How to differentiate between Your ways, and my ways for “*He has convinced us
that our enemy is some other rather than our own untamed, uncertain nature?
- ”Could the smoking of a cigarette be an “evil deed?” Or the indulgence in a sweet dessert? Or to not pray, but take a walk in the forest instead? Or meditate for an hour in the morning? Have I abandoned “Your ways?” Yet all my “strength is in You.” But where and how do my actions express that? Is that not the existential question facing the unorthodox Jew—as opposed to the non-religious, or secular?That is the question that needs to be faced in our Chavura! Yet we might not be able to gaze into its panim, but only to see its back from behind a shelf.

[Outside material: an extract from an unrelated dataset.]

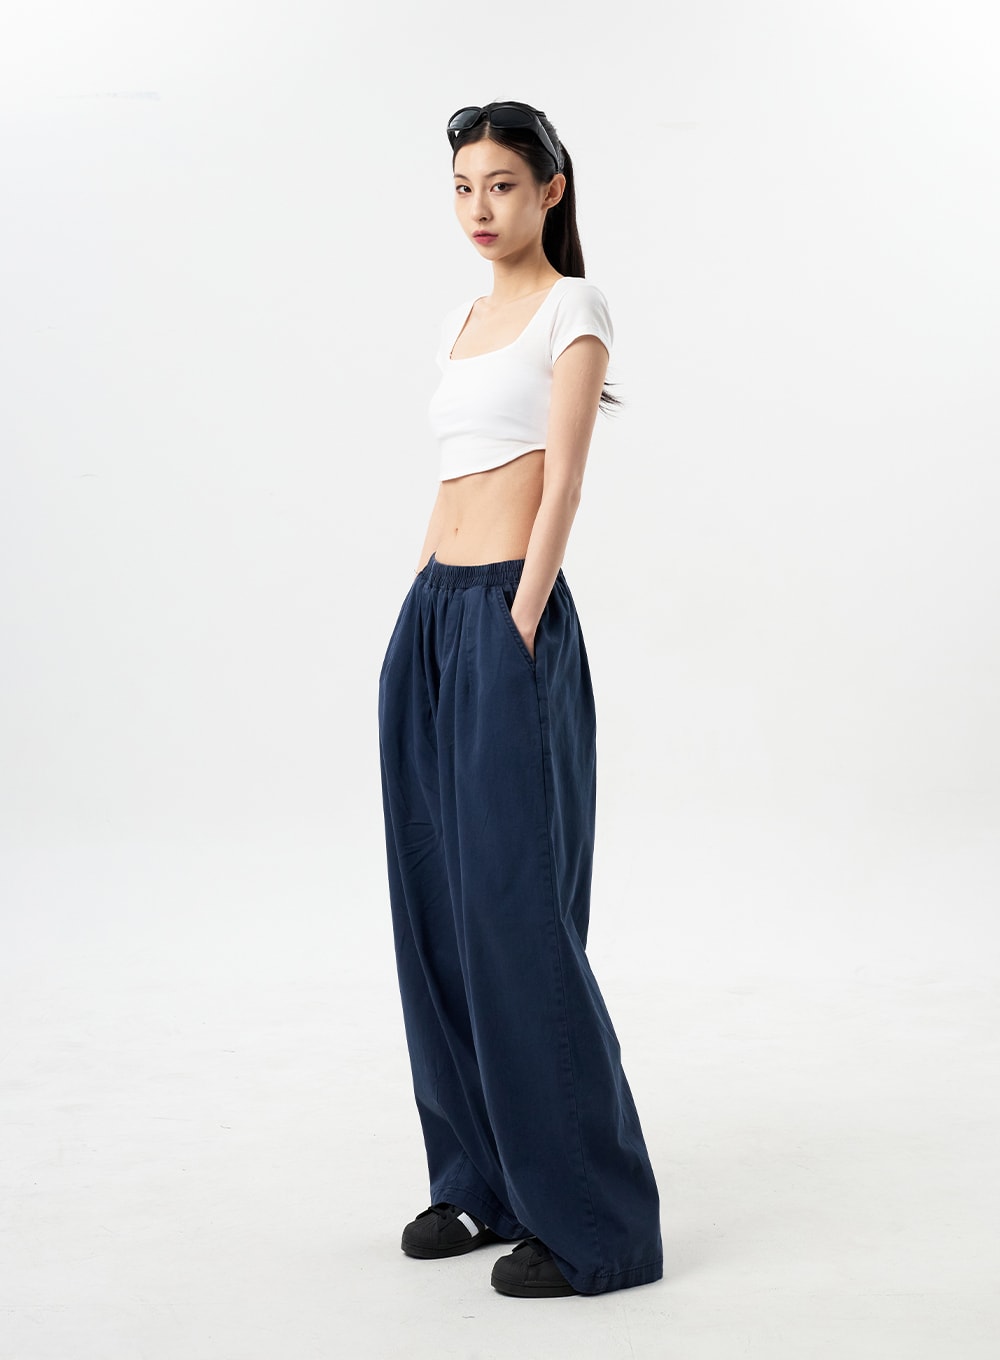 Square Neck Cropped Tee CY312

To continue the discussion
- it seems that the Satan only entices. It is we, in the realm, of Assiyah, that entrapment occurs. Enticement is a form of seduction. Here the question for what enters into the discussion. What am I enticing you to do? Or is enticement, by its very nature, evil? What of entrapment? Can an action by its very nature be evil? Or is it dependent on the circumstances? This is the element at the basis of the discussion, I believe.